Franks, Peter; Zwanziger, Jack; Mooney, Cathleen; Sorbero, Melony (1999), “Variations in primary care physician referral rates,” Health Services Research, vol 34(1), pp. 323-329.

Shea, Dennis; Stuart, Bruce; Vasey, Joseph; Nag, Soma (1999),”Medicare physician referral patterns,” Health Services Research, vol 34(1), pp. 331-348.

 

Years ago, when someone needed care from a doctor they visited the physician directly whether they were a general practitioner or a specialist.  Nowadays, it is rarer for patients to visit a specialist without a referral.  The typical referral comes from a primary care physician, but it is also common for a specialist to refer the patient to another specialist (cross-referral).  Even when a patient sees a specialist without consulting another physician, this is now called a self-referral. 

Forrest and Reid (1997) use 1989 to 1995 data from the National Ambulatory Medical Care Survey to give more detail on the nature of referrals.  The authors compare the amount of referrals which occur inside and outside of managed care.  One might think that referrals are less common in managed care since these organizations are known to restrict the supply of specialist services; on the other hand, managed care organizations often require more referrals (fewer self-referrals are allowed) so it is possible that the number of referrals is higher in managed care as well. 

The authors found that primary care patient visits in the HMO setting were 66% more likely to lead to referrals than such visits under an indemnity plans.  Patients in HMOs were less likely to be able obtain self-referrals, however.  Thirty one percent of specialists’ managed care patients were self referred compared to 49.5% of their patients in indemnity plans.  Cross referrals between specialists occurred at similar rates in the managed care and fee for service settings. 

Economists have focused on primary care physicians’ financial incentives to refer patients to specialists.  Stephen Shortell (1973) claims that a social exchange model may more accurately reflect how referrals are performed today.  Mr.
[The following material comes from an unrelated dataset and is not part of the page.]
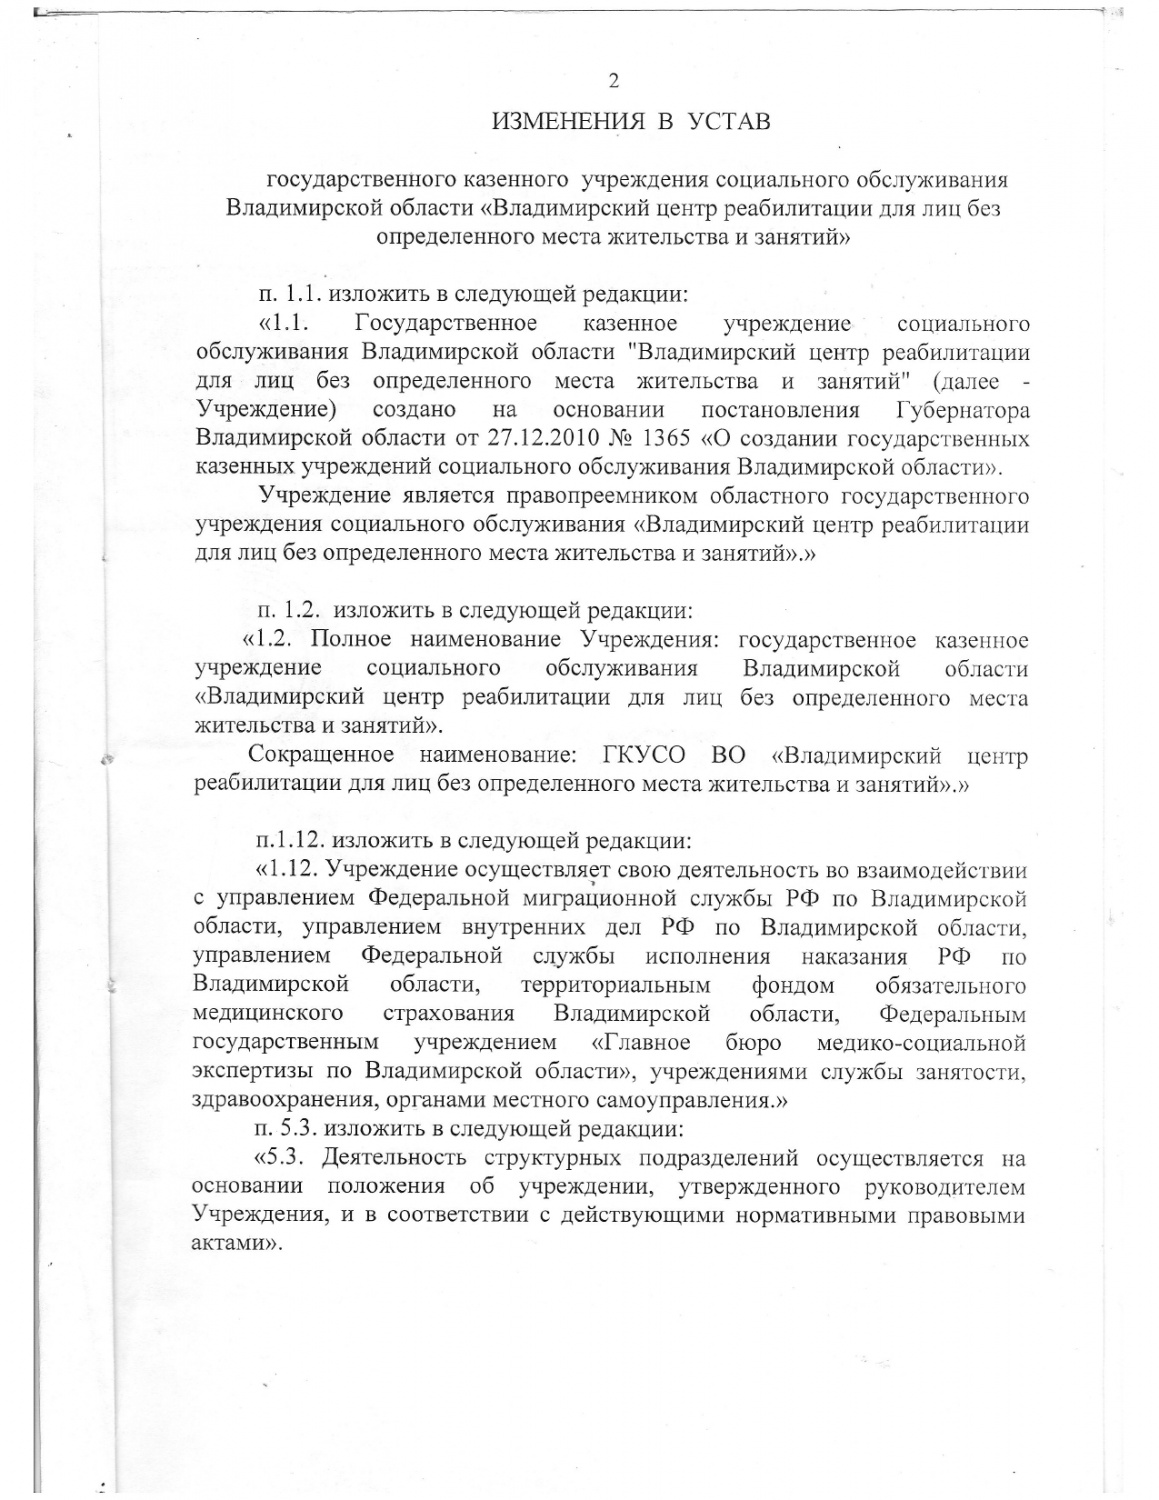 изменения в устав 2011_page-0001.jpg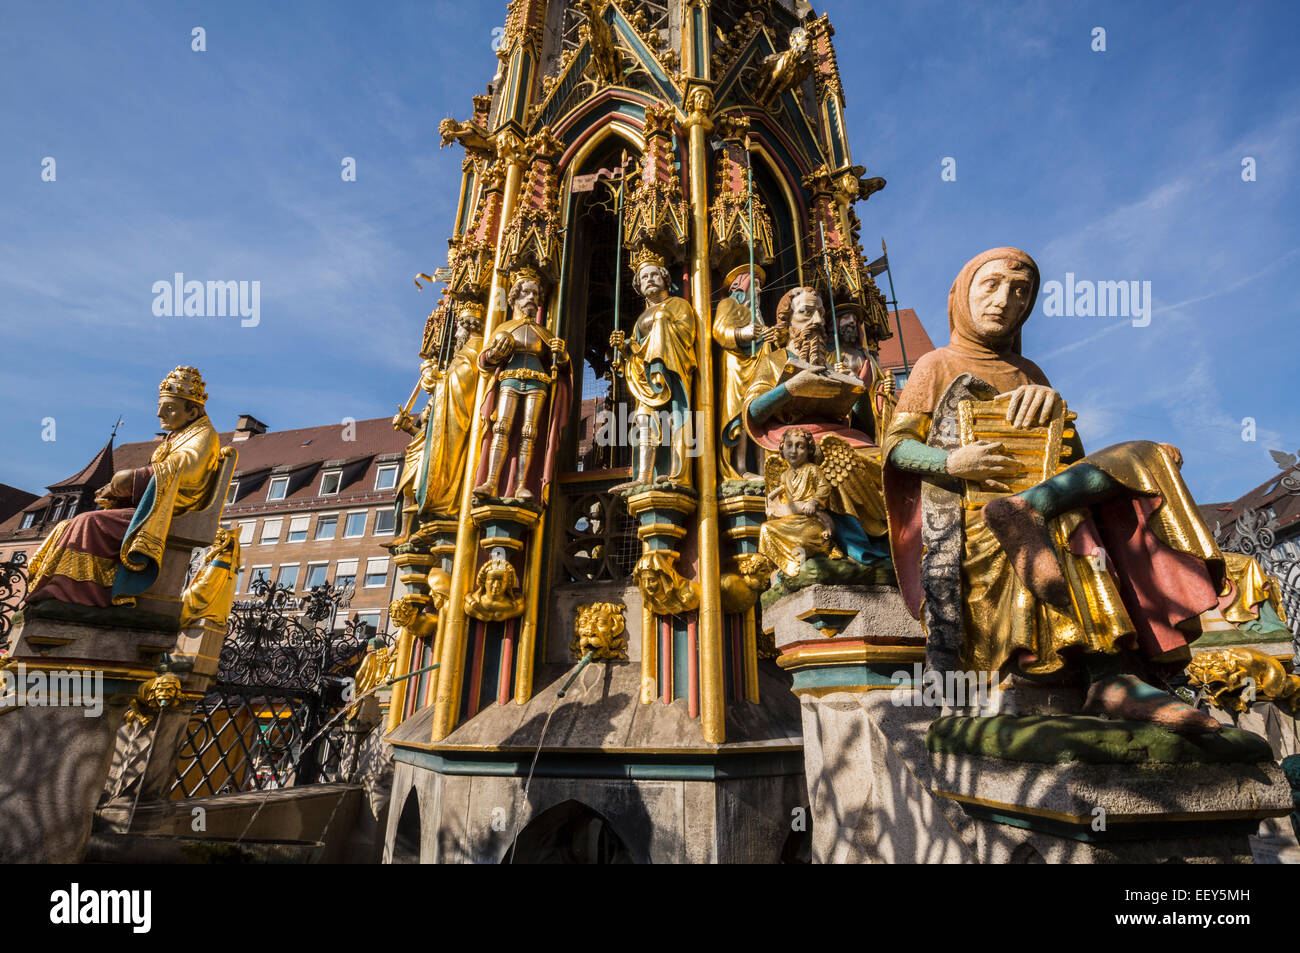 Dettaglio del Schoner Brunnen fontana e la statua nella piazza del mercato di Norimberga, Germania Foto Stock

Shortell’s article in the Journal of Health and Social Behavior claims that non-financial incentives largely influence to which specialist a patient is referred.  Shortell hypothesizes that 1) a specialist’s status in the field, 2) their friendship level with the primary care physician, 3) their office’s distance from the primary care physician’s office, and 4) whether or not they are on the same network as the primary care physician likely influence the primary care physician’s decision-making process. 

 Forrest, Christopher; and Reid, Robert; (1997) “Passing the baton: HMOs’ Influence on Referrals to Specialty Care,” Health Affairs, vol 16(6), pp. 157-162.

Shortell, Stephen M.; (1973) “Patterns of Referral Among Internists in Private Practice: A Social Exchange Model,” Journal of Health and Social Behavior, vol 14(4), pp. 335-348.